L’Etat, c’est moi. C’est par cette formule abusivement prêtée à Louis XIV que l’on résume trop souvent le gouvernement du Roi-Soleil. Elle évoque un schéma pyramidal devenu classique : au sommet de l’édifice, un monarque absolu, qui, depuis 1661 date de sa naissance politique, règne sans partage. Au-dessous de lui, des ministres issus de la bourgeoisie, qui ont remplacé les princes et les grands auprès du souverain et dont ce dernier entretient la rivalité pour éviter que l’un d’eux ne prenne l’ascendant. Dans les provinces, les intendants, créatures du contrôleur général des finances, agents de la centralisation.

Le projet de Thierry Sarment et Mathieu Stoll, respectivement directeur des collections du Mobilier national et conservateur en chef au service interministériel des Archives de France est de donner une vue générale sur le gouvernement de Louis XIV, en examinant les hommes, les événements, les structures ainsi que les procédures qui sont habituellement étudiés par des différents spécialistes : histoire politique ou histoire sociale pour les grands corps de l’Etat, histoires régionales pour les intendances. Les deux auteurs ont souhaité dépasser ce cadre très cloisonné qui confinent le département de la Guerre à l’histoire militaire, le département de la Marine à l’histoire maritime, celui des Finances à l’histoire économique et la surintendance des Bâtiments du roi à l’histoire de l’art.
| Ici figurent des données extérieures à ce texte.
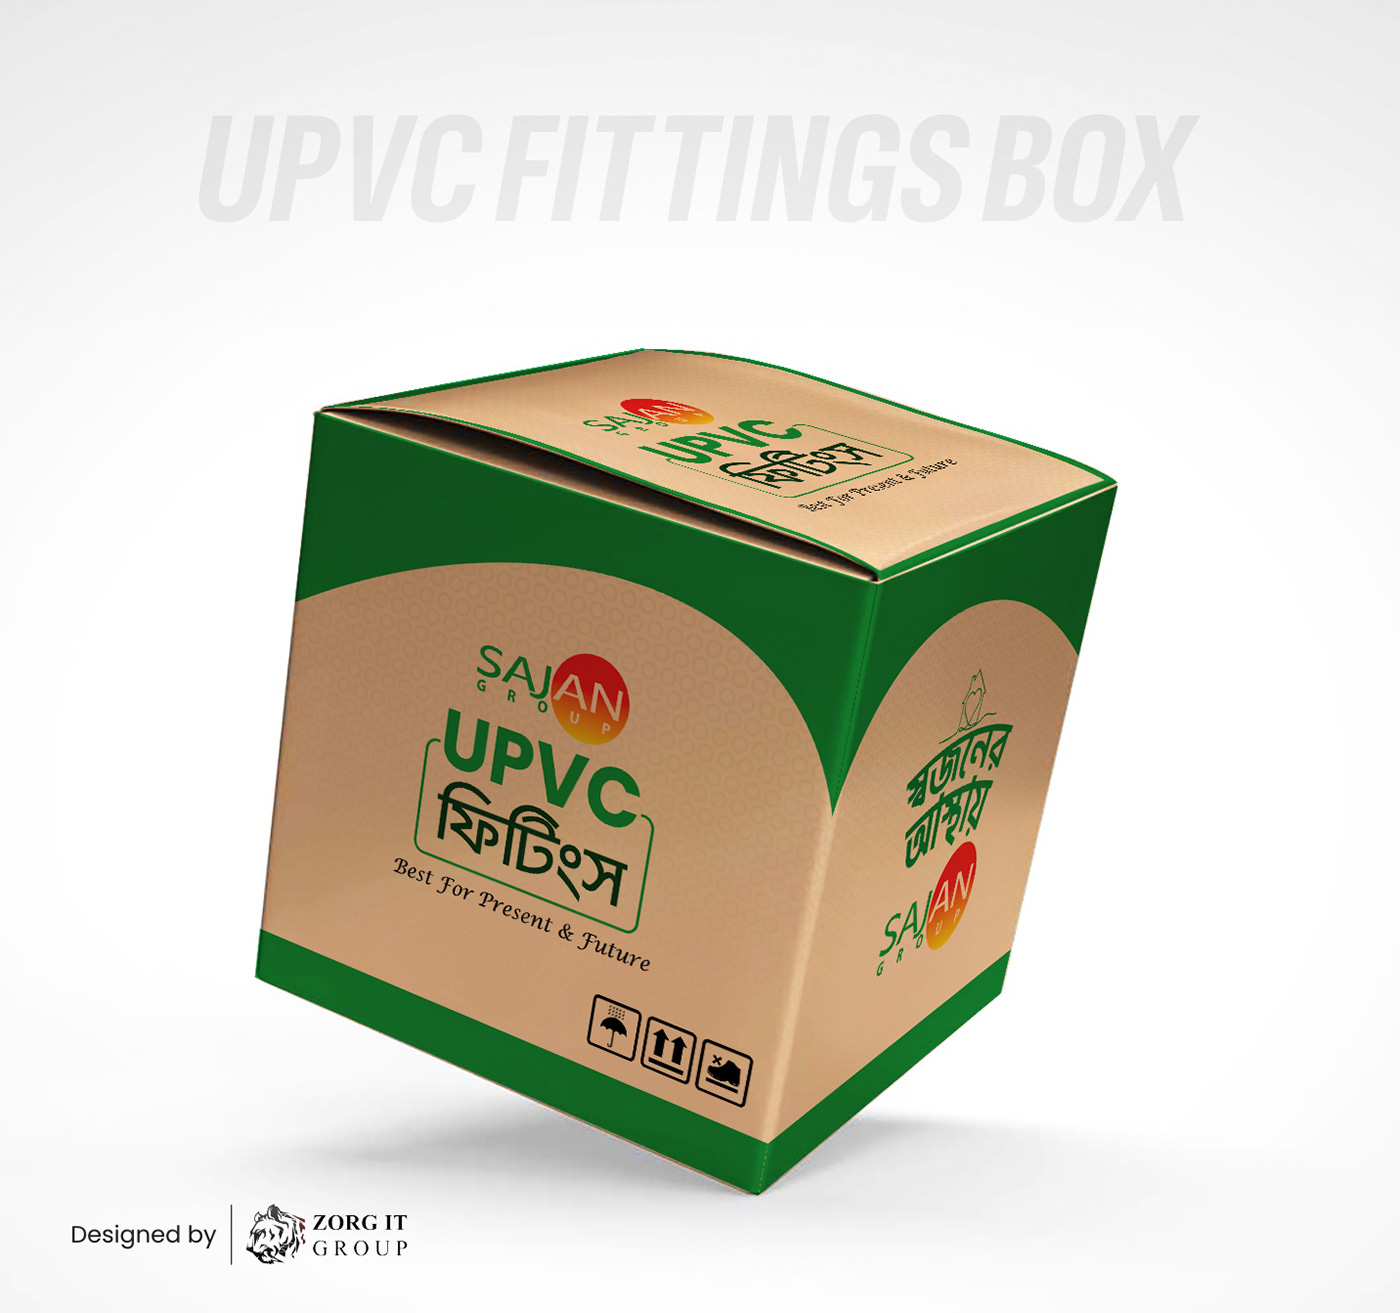 Box Design by Zorg IT Group.

Dans cet essai très dense, près de 700 pages, les auteurs ont tout d’abord établi quelques précisions pour bien nommer les choses afin de mieux délimiter le périmètre de cette enquête historique et de mieux appréhender les objectifs. Ainsi, les mots Etat, gouvernement, administration, politique ont bien entendu considérablement évolué depuis le XVIIe siècle. L’adjectif politique se trouve peu sous la plume des administrateurs louis-quartorziens, et rarement en bonne part. Louis XIV emploie rarement le mot Etat. Dans sa bouche et sous sa plume le mot est synonyme de royaume. Le mot évolue au cours du règne vers une acception plus abstraite : désormais, le royaume désigne davantage le territoire, et l’Etat toujours davantage le corps politique. Louis XIV disait au début de son règne mon Etat ; il parlait de l’Etat à la fin de son règne. Les penseurs des dernières décennies du règne tel Vauban contribuent à cette abstraction politique. Jusque vers 1700, on parle de service du roi. Ensuite, on parle davantage du service de l’Etat, en tant qu’il survit au prince mortel : Je m’en vais, mais l’Etat demeurera toujours dit Louis XIV sur son lit de mort.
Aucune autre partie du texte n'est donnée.